◆ Your task ◆
Only the lines below from the one with "Fudge Sundae Pie" through the one with "Science Museum, architect" are to be written out, exactly and without any images.

◆ Data for analysis ◆

• • • • • • •

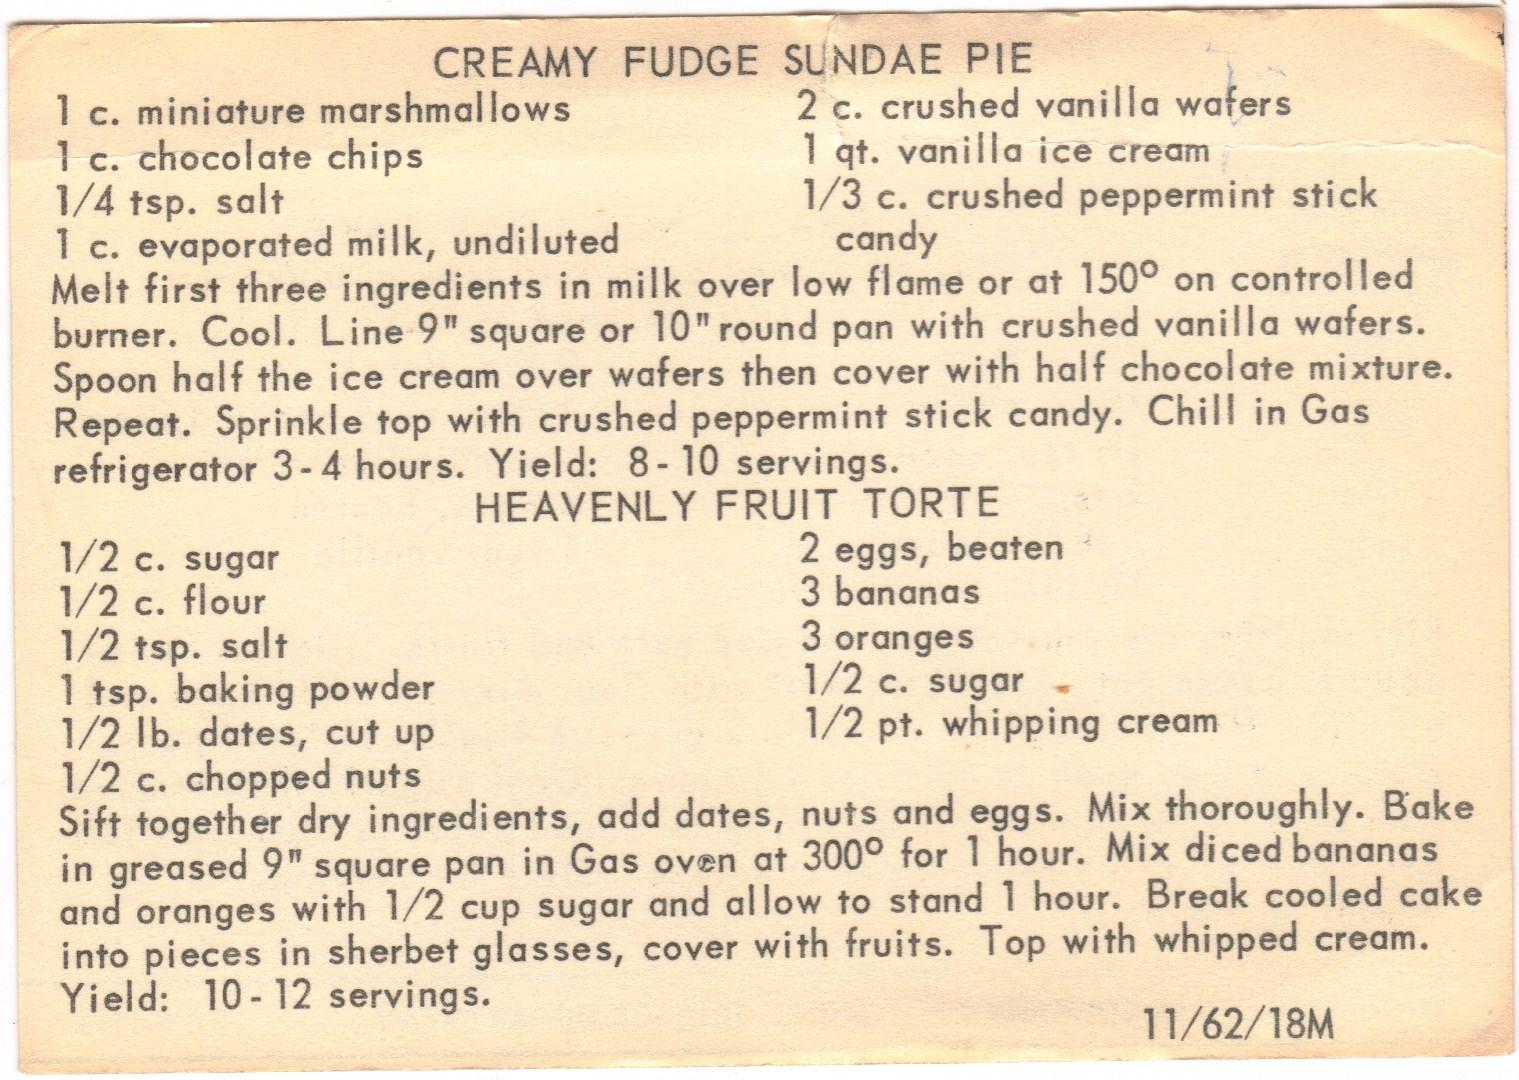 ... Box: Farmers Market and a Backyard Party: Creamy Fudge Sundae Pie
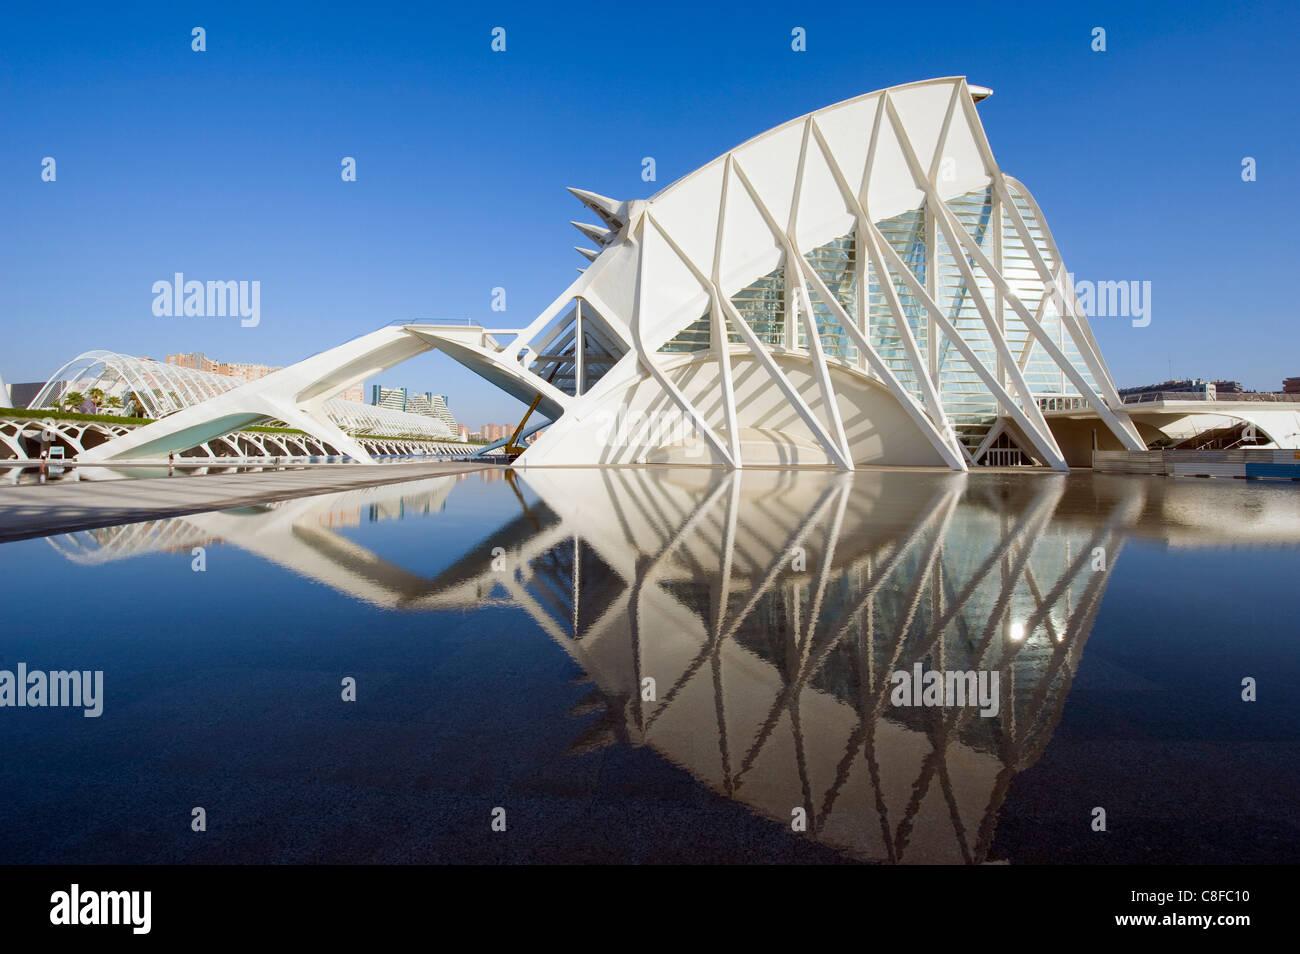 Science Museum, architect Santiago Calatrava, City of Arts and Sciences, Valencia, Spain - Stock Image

• • • • • • •

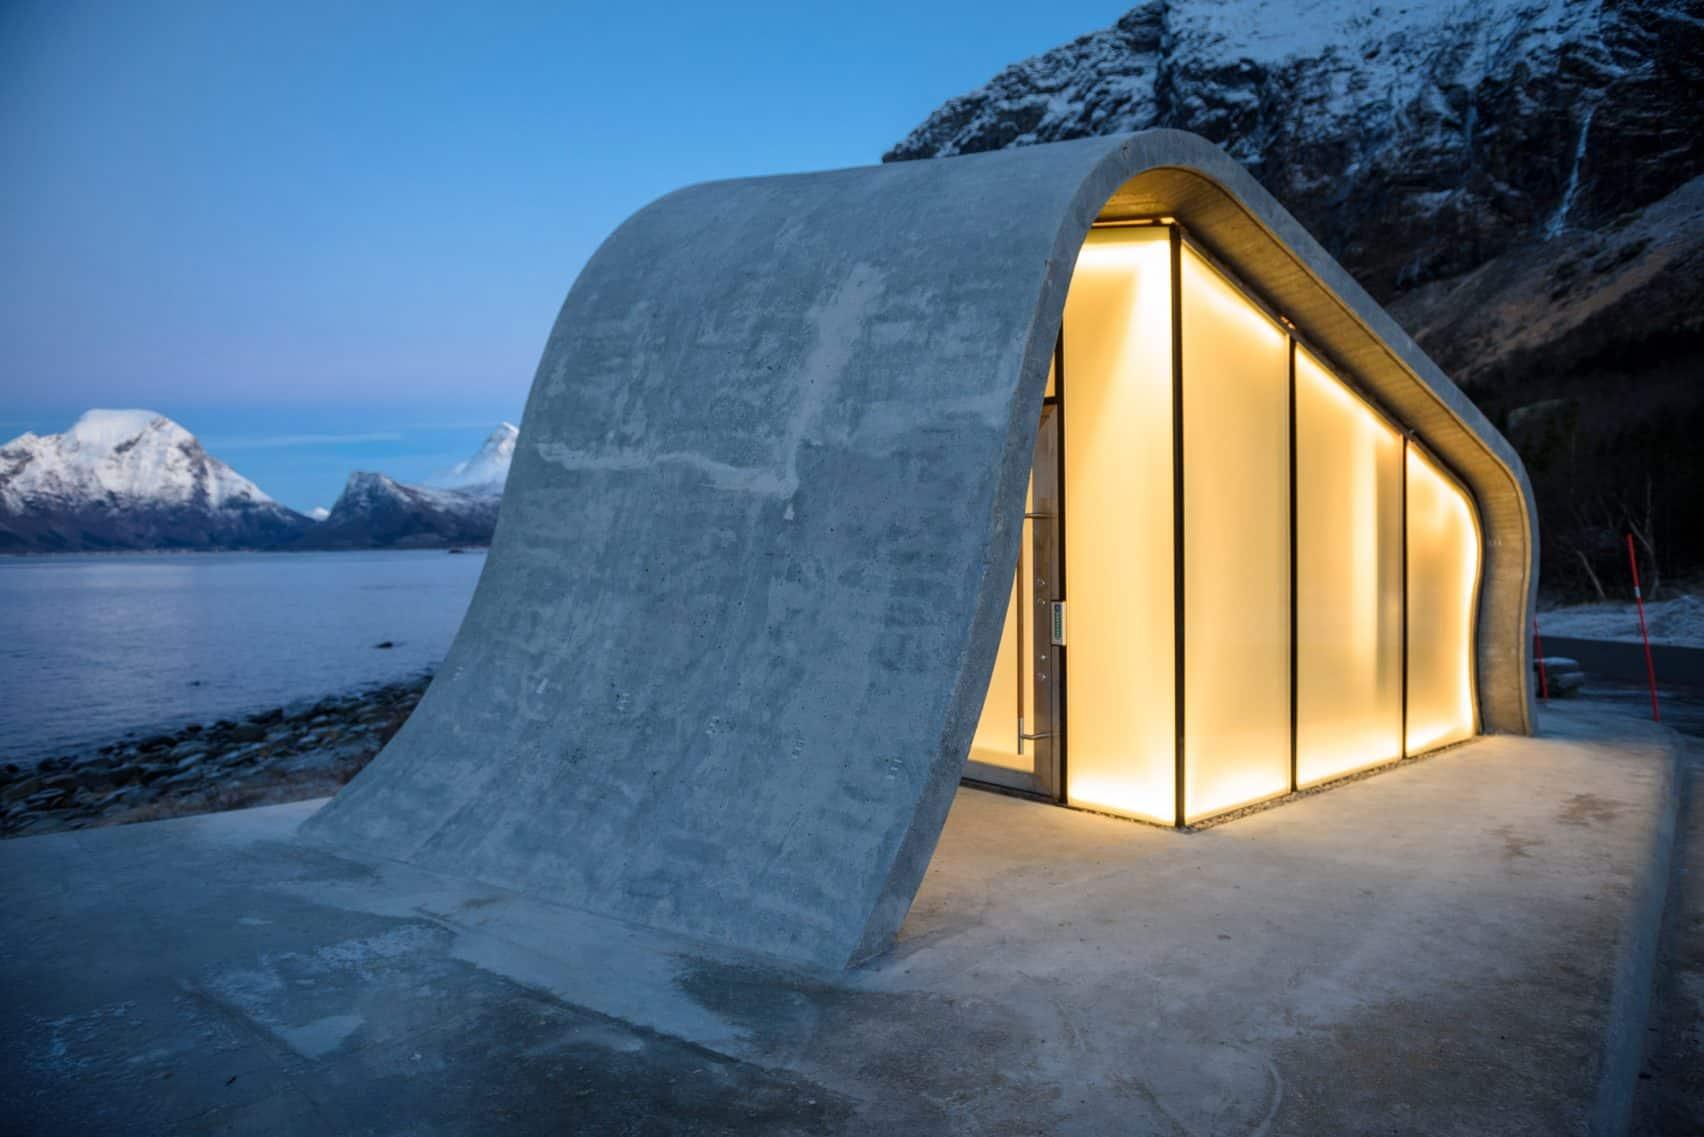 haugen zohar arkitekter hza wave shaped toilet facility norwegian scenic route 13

• • • • • • •

◆ Result of this task ◆
 ... Box: Farmers Market and a Backyard Party: Creamy Fudge Sundae Pie
 Science Museum, architect Santiago Calatrava, City of Arts and Sciences, Valencia, Spain - Stock Image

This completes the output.